44 F. Supp. 2d 92, 1999 U.S. Dist. LEXIS 4193, 1999 WL 184032
CourtDistrict Court, D. Massachusetts
DecidedMarch 31, 1999
DocketCiv.A. 96-30180-MAP
StatusPublished

This text of 44 F. Supp. 2d 92 (Reder v. Travelers Plan Administrators of Connecticut, Inc.) is published on Counsel Stack Legal Research, covering District Court, D. Massachusetts primary law. Counsel Stack provides free access to over 12 million legal documents including statutes, case law, regulations, and constitutions.

Bluebook
Reder v. Travelers Plan Administrators of Connecticut, Inc., 44 F. Supp. 2d 92, 1999 U.S. Dist. LEXIS 4193, 1999 WL 184032 (D. Mass. 1999).

Opinion

MEMORANDUM REGARDING REPORT AND RECOMMENDATION ON DEFENDANT’S MOTION FOR SUMMARY JUDGMENT

PONSOR, District Judge.

I. INTRODUCTION

Gerard S. Reder (“plaintiff’ or “Reder”), owner of Berkshire Armored Car (“BAC”) and Berkshire Armored Car of Florida (“BAC Florida”) has sued The Travelers Plan Administrators of Connecticut, Inc. (“TPA”), asserting claims for negligence (Count I), gross negligence (Count II), indemnification (Count III), and violation of the Employee Retirement Security Act, 29 U.S.C. § 1001 et seq. (“ERISA”) (Count IV). Plaintiff claims he was injured when a jury awarded damages against him in a Florida lawsuit by a BAC Florida employee. This lawsuit asserted that Reder, in his individual capacity, committed a breach of contract by failing to provide the employee and his wife health insurance. Re-der claims that he failed to provide the insurance as a result of misinformation *95 provided by TPA to an agent of BAC making an inquiry about a group health plan sponsored and administered by BAC.
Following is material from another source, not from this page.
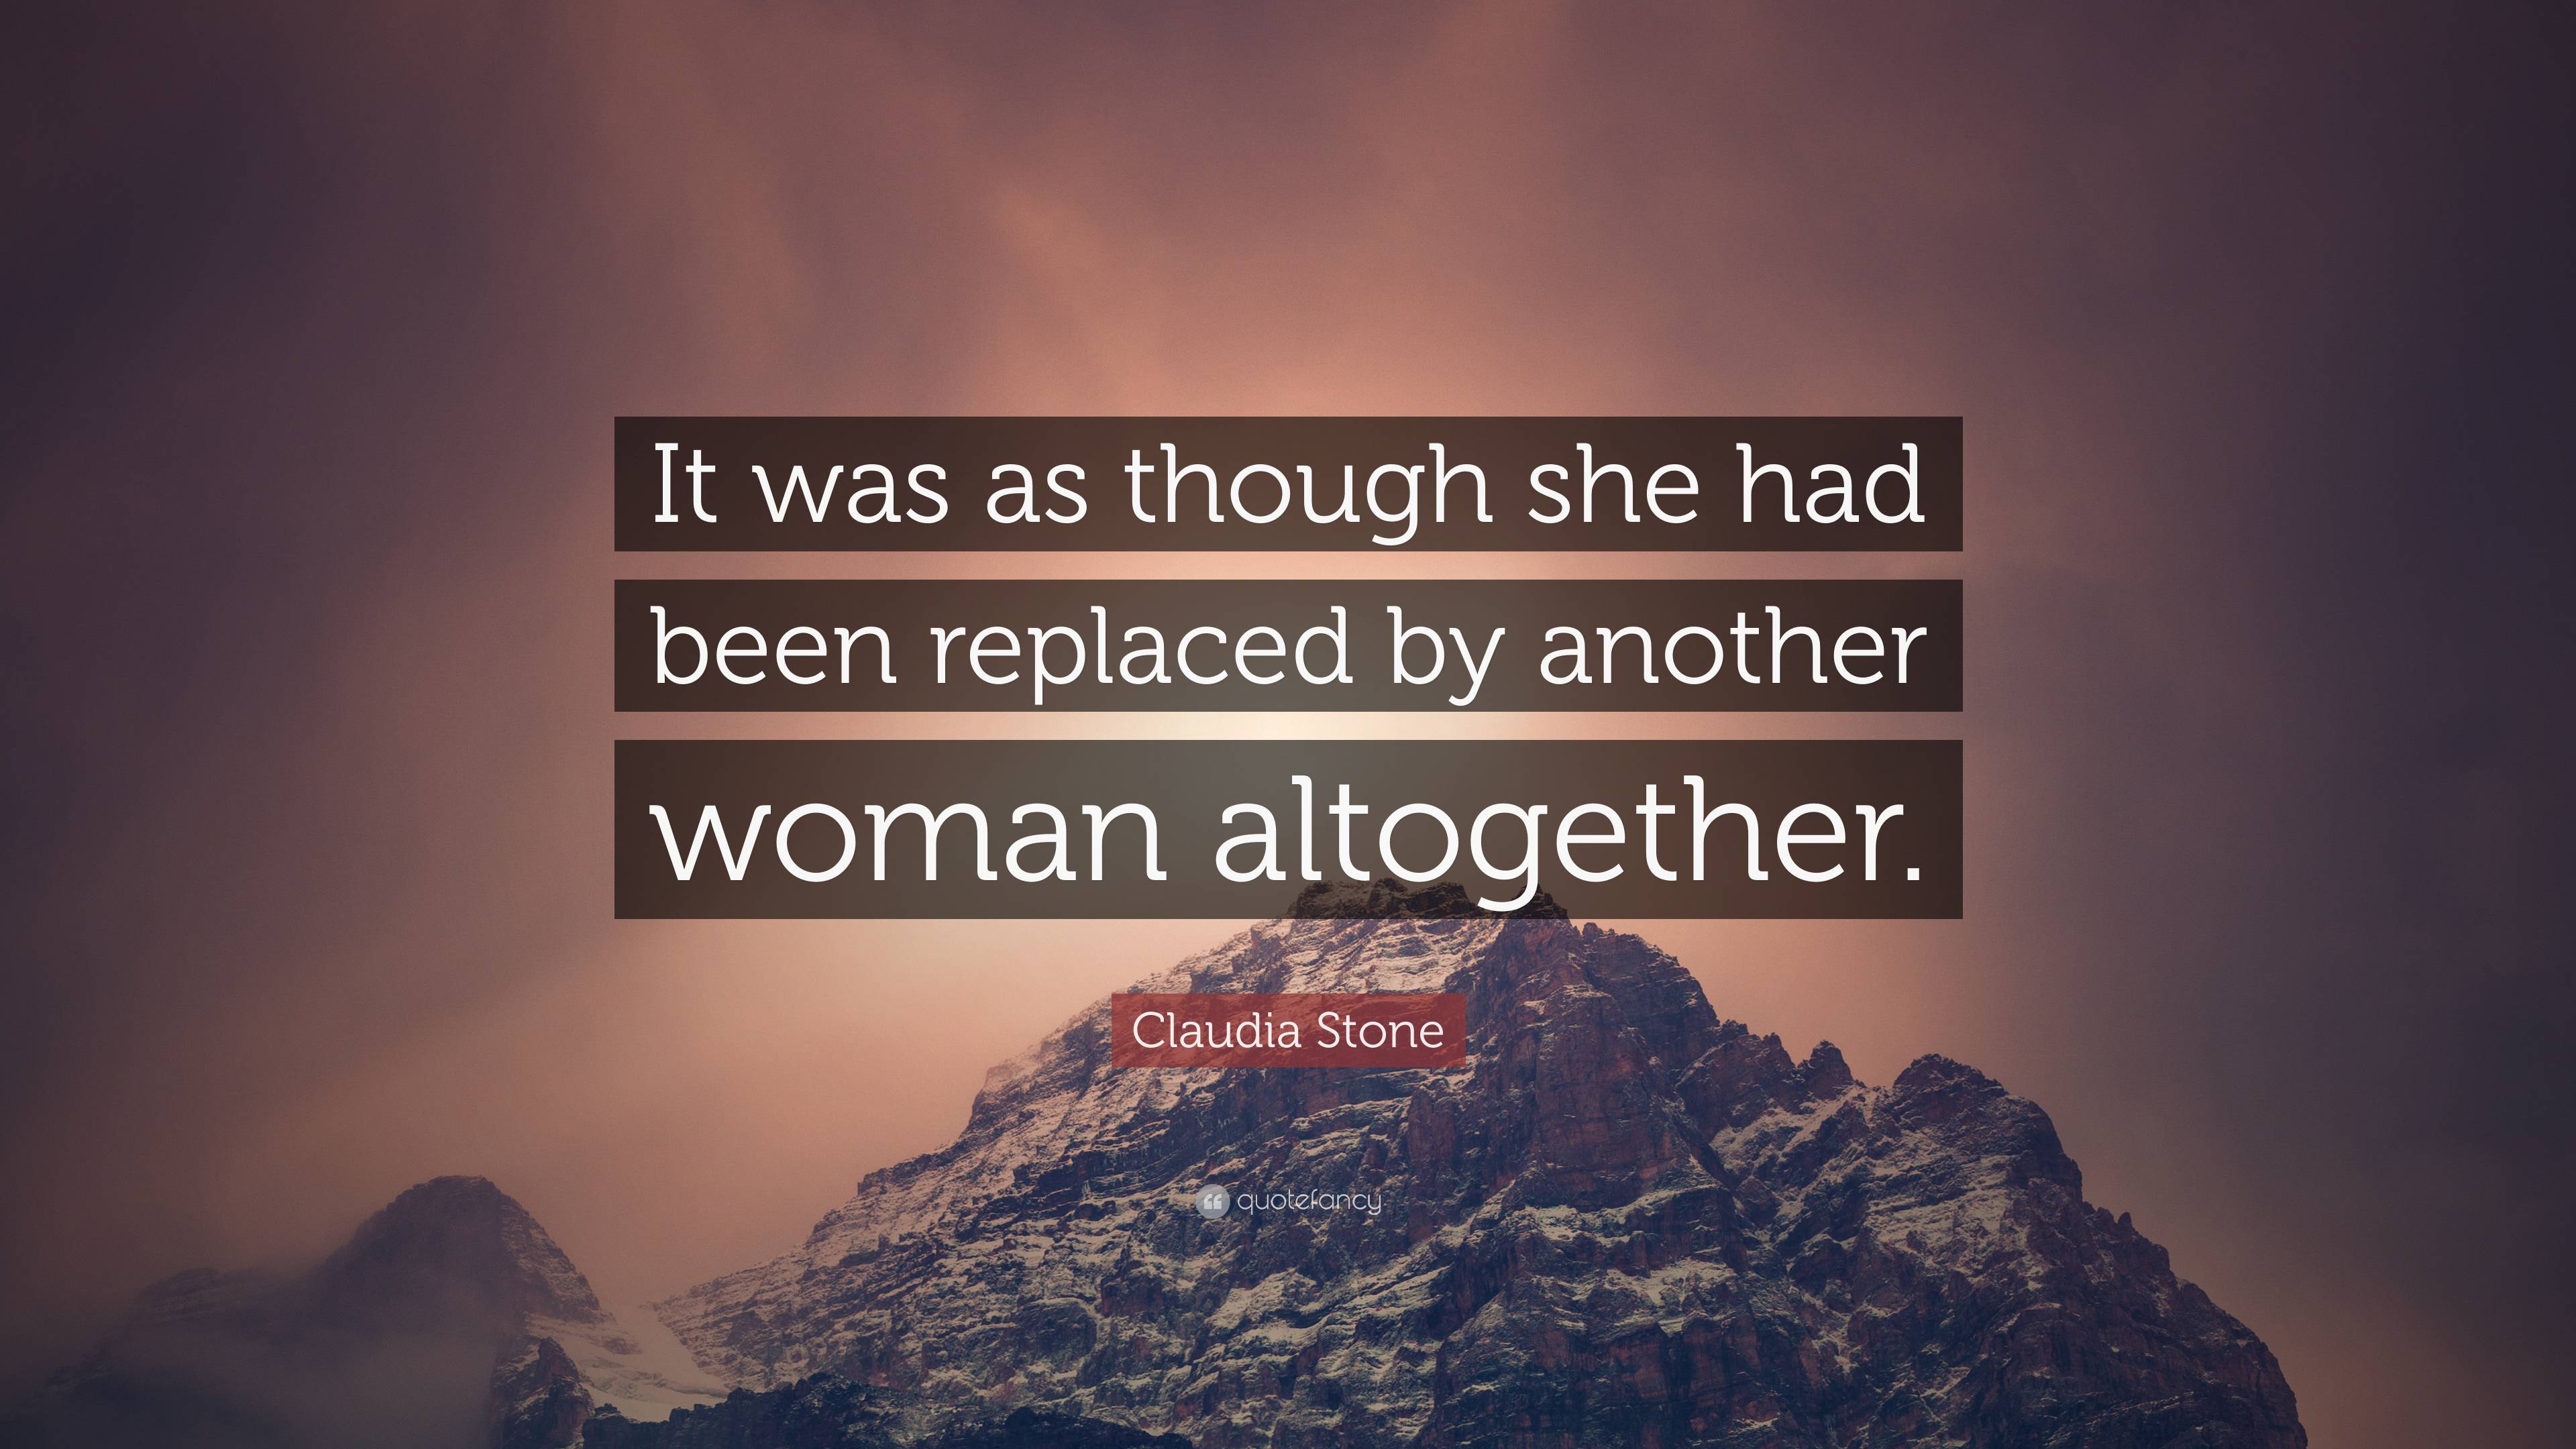 Claudia Stone Quote: “It was as though she had been replaced by another ...

Defendant moved for summary judgment on each of plaintiffs claims. That motion was referred to Magistrate Judge Kenneth P. Neiman for a Report and Recommendation. The Magistrate Judge issued his Report and Recommendation on March 12, 1999, recommending that TPA’s motion be granted as to all of plaintiffs claims. Plaintiff has now filed an objection to the Report and Recommendation as to Counts I through III. Plaintiff does not object to the recommendation to dismiss the ERISA claim in Count IV.
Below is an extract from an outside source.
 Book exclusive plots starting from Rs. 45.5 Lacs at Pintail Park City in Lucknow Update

The court will adopt the Report and Recommendation in its entirety and will grant TPA’s motion for summary judgment as to all counts asserted by plaintiff. Because the Report and Recommendation addresses virtually all of the issues presented in this case, an extended discussion is unnecessary. However, plaintiff has raised one narrow issue in his objection to the recommendation to dismiss plaintiffs negligence claims (Counts I and II) that merits brief discussion.

II. FACTS

The pertinent facts of record are set forth in detail in the Report and Recommendation at pages 95-96. They are essentially undisputed and, therefore,., will only be summarized here.
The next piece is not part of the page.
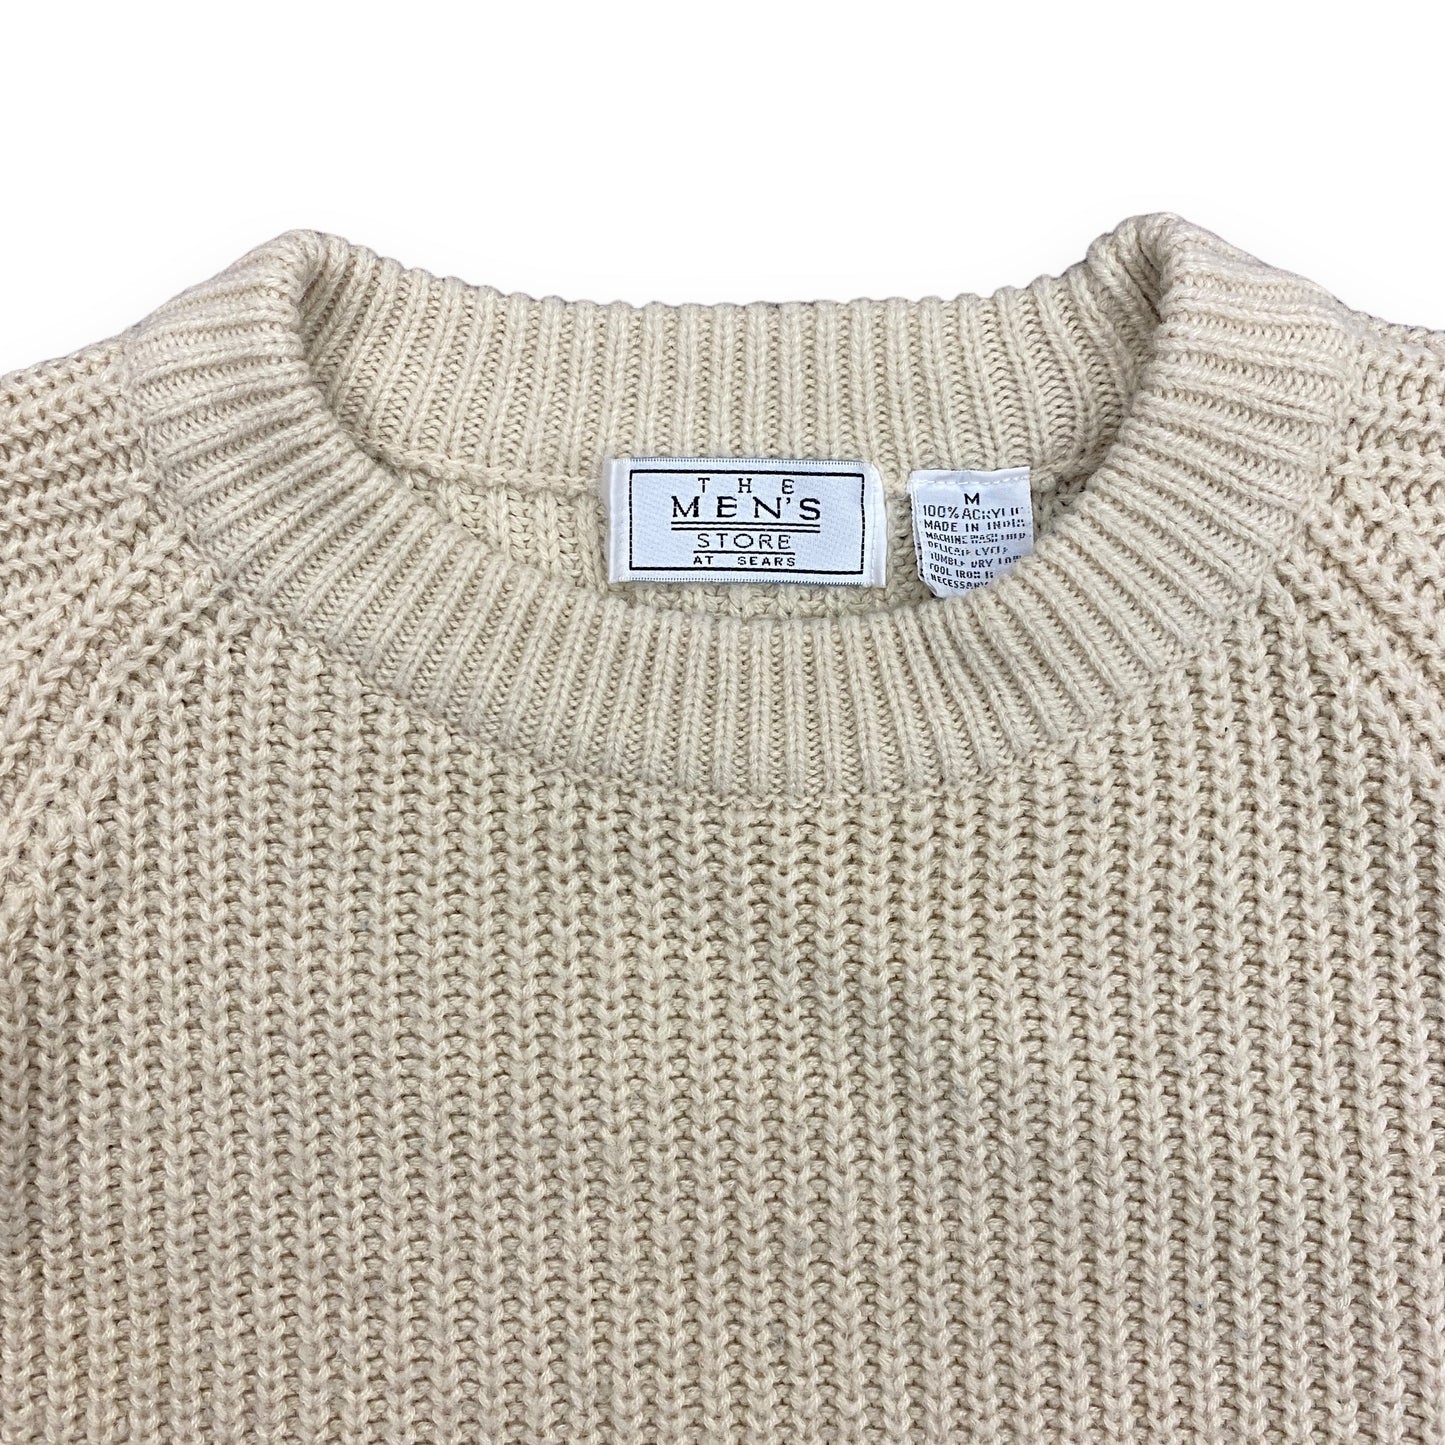 90s The Men's Store at Sears Cream Knit Sweater - Size Medium

At all relevant times, plaintiff was President and owner of BAC and BAC Florida. BAC was the sponsor and administrator of an employee health insurance plan covered under ERISA. BAC’s vice president, Debra Gable (“Gable”), was the appointed fiduciary of the plan. Defendant TPA served as the third-party administrator of the Plan; among other things, it provided advice to BAC regarding eligibility .requirements of the Plan.

In August of 1993, ■ Gable contacted Deborah Betts (“Betts”), the TPA agent responsible for answering eligibility questions, and inquired whether Richard Carney (“Carney”), an employee of BAC Florida, was eligible to enroll in the BAC health plan. Betts informed Gable that Carney was ineligible to enroll in the plan. This information later proved to be incorrect.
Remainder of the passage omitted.